5 of 258 comments (clear)

  1. Impractical to who? by scruffy · · Score: 5, Insightful

    I suppose privacy is impractical to those who want to sell our personal information.

  2. Re:Microsoft Quality by betterunixthanunix · · Score: 5, Insightful

    Frankly, as an approach to a security engineering problem, P3P is pretty bad. You are basically allowing your adversary to declare what the security policy will be, then leaving it up to your adversary to follow that policy.

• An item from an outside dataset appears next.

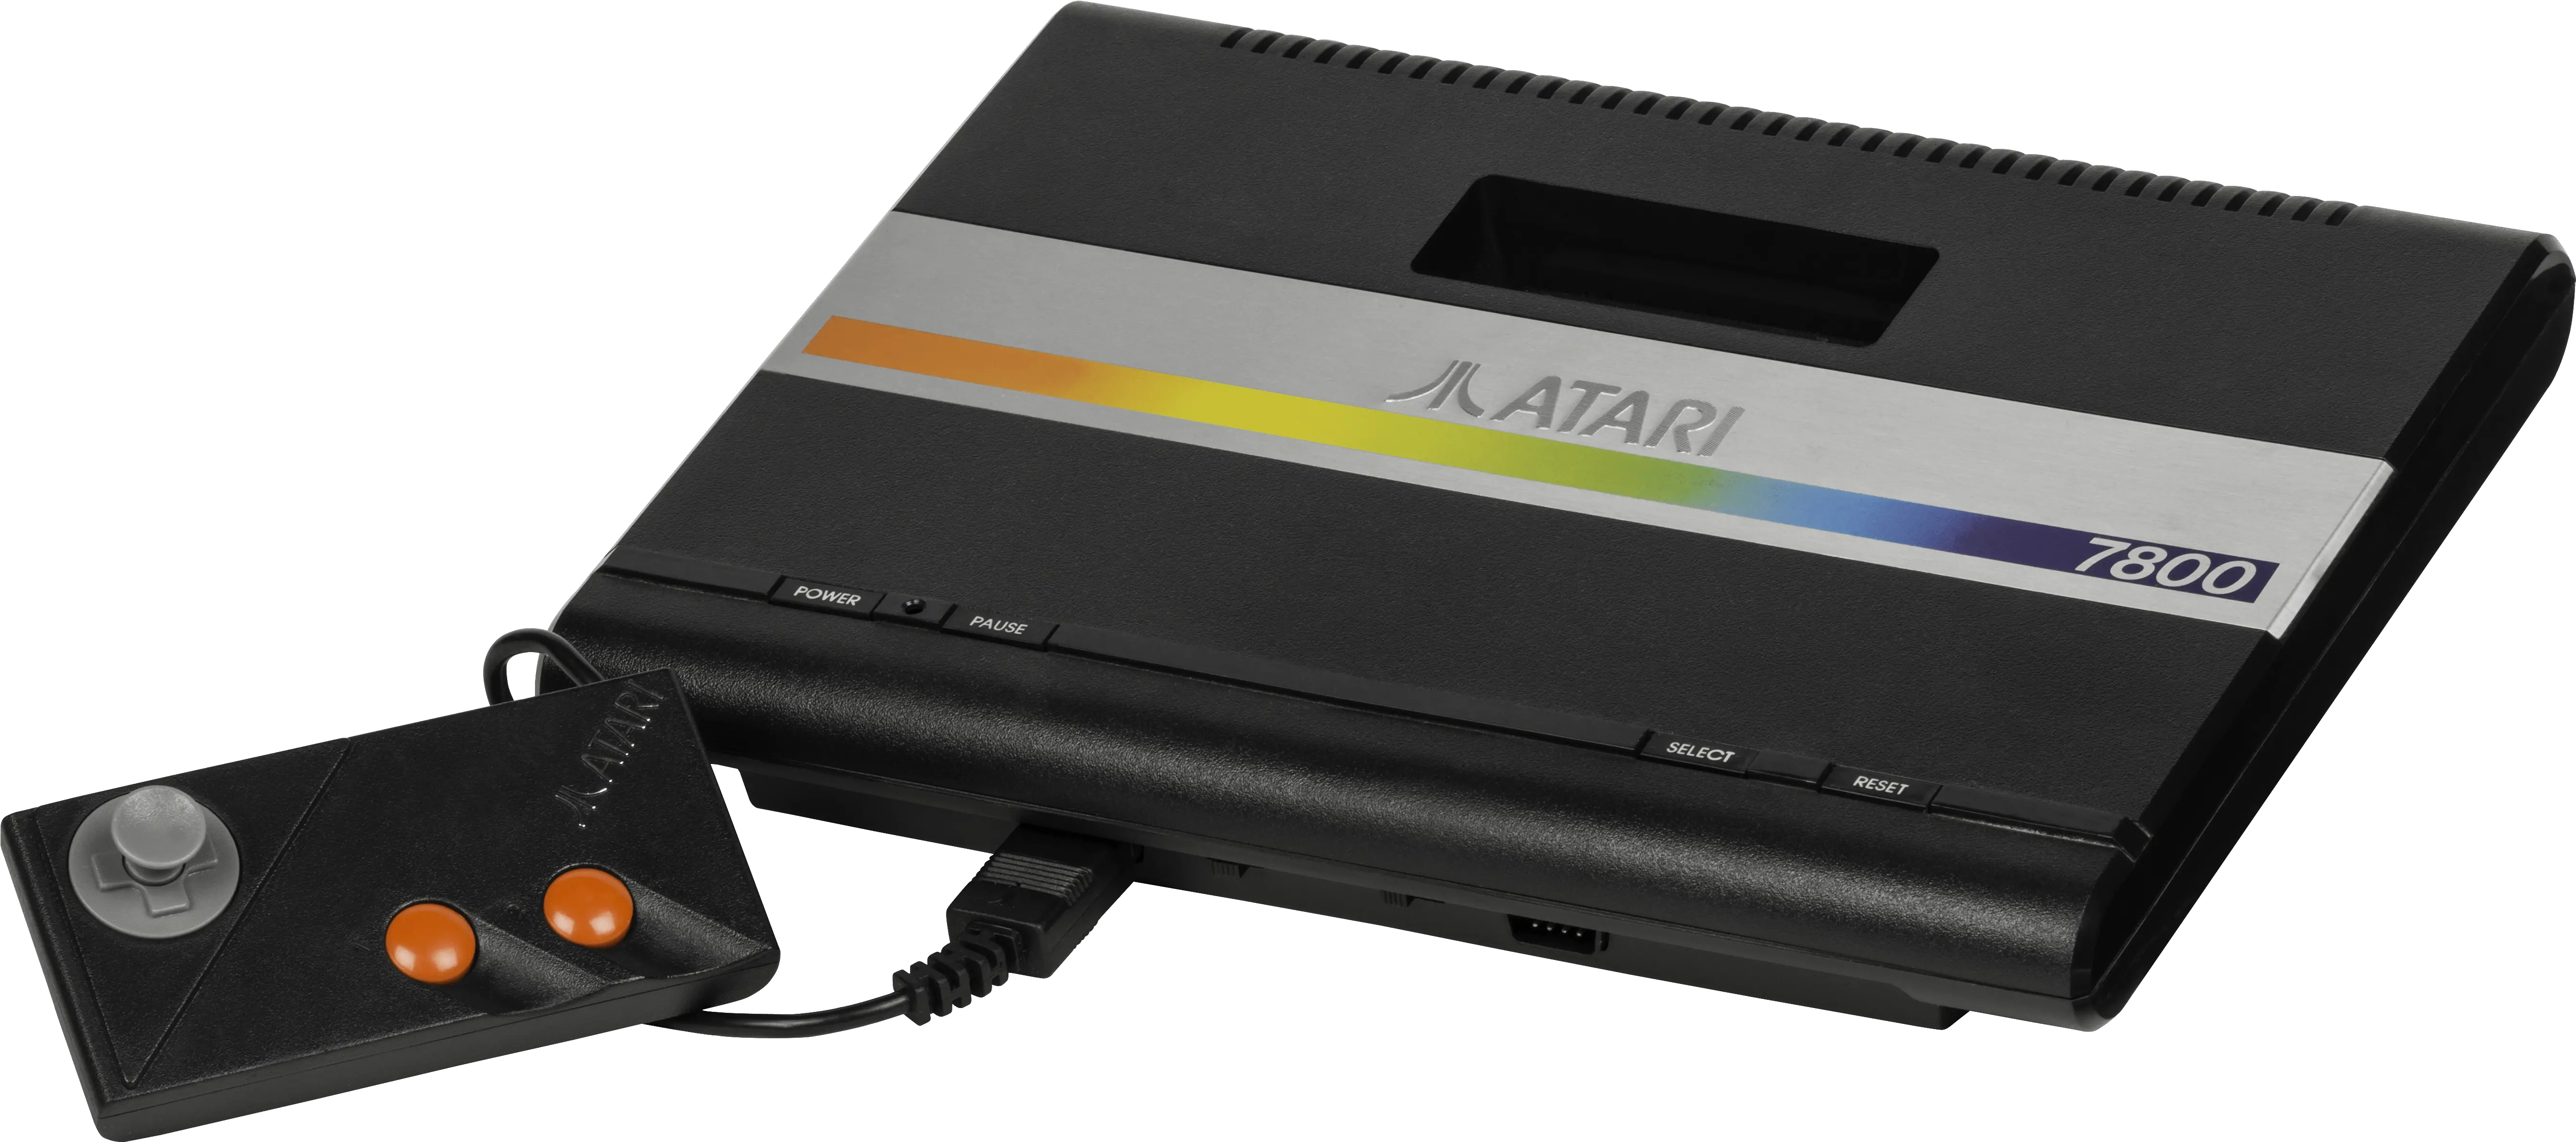 Download Atari 7800 De Atari 7800 Atari Png Atari Png

    If browser makers were serious about protecting their users' privacy, they would make adblocking the default, they would have stricter cookies policies, and they would not let a company like Google decide what sort of privacy people will have.

    --
    Palm trees and 8
  3. misleading/wrong question by poetmatt · · Score: 5, Insightful

    The question that should be asked is: Why does IE have some part of their framework in place which can be simply ignored/violated?

    1. Re:misleading/wrong question by Desler · · Score: 5, Insightful

      Yeah how dare they implement the P3P standard as it tells them to! Google is using a loophole in the standard to bypass the privacy protection.

  4. Re:Impractical to Microsoft, MS also send invalid by Americano · · Score: 5, Insightful

    User: "I don't wish to be tracked. I've opted out using this P3P setting."
    Google: "Haha there's a loophole that we're gonna use to track you anyway. Blame Microsoft if you don't like it, sucker!"

    Yep, Google has done nothing wrong here whatsoever. They're completely right to exploit a known loophole which allows them to disregard the wishes of the users accessing their services, if those wishes would make Google's services less profitable.

    If this is "Do no evil," I shudder to think about the damage Google could do if they decided one day to deliberately engage in evil.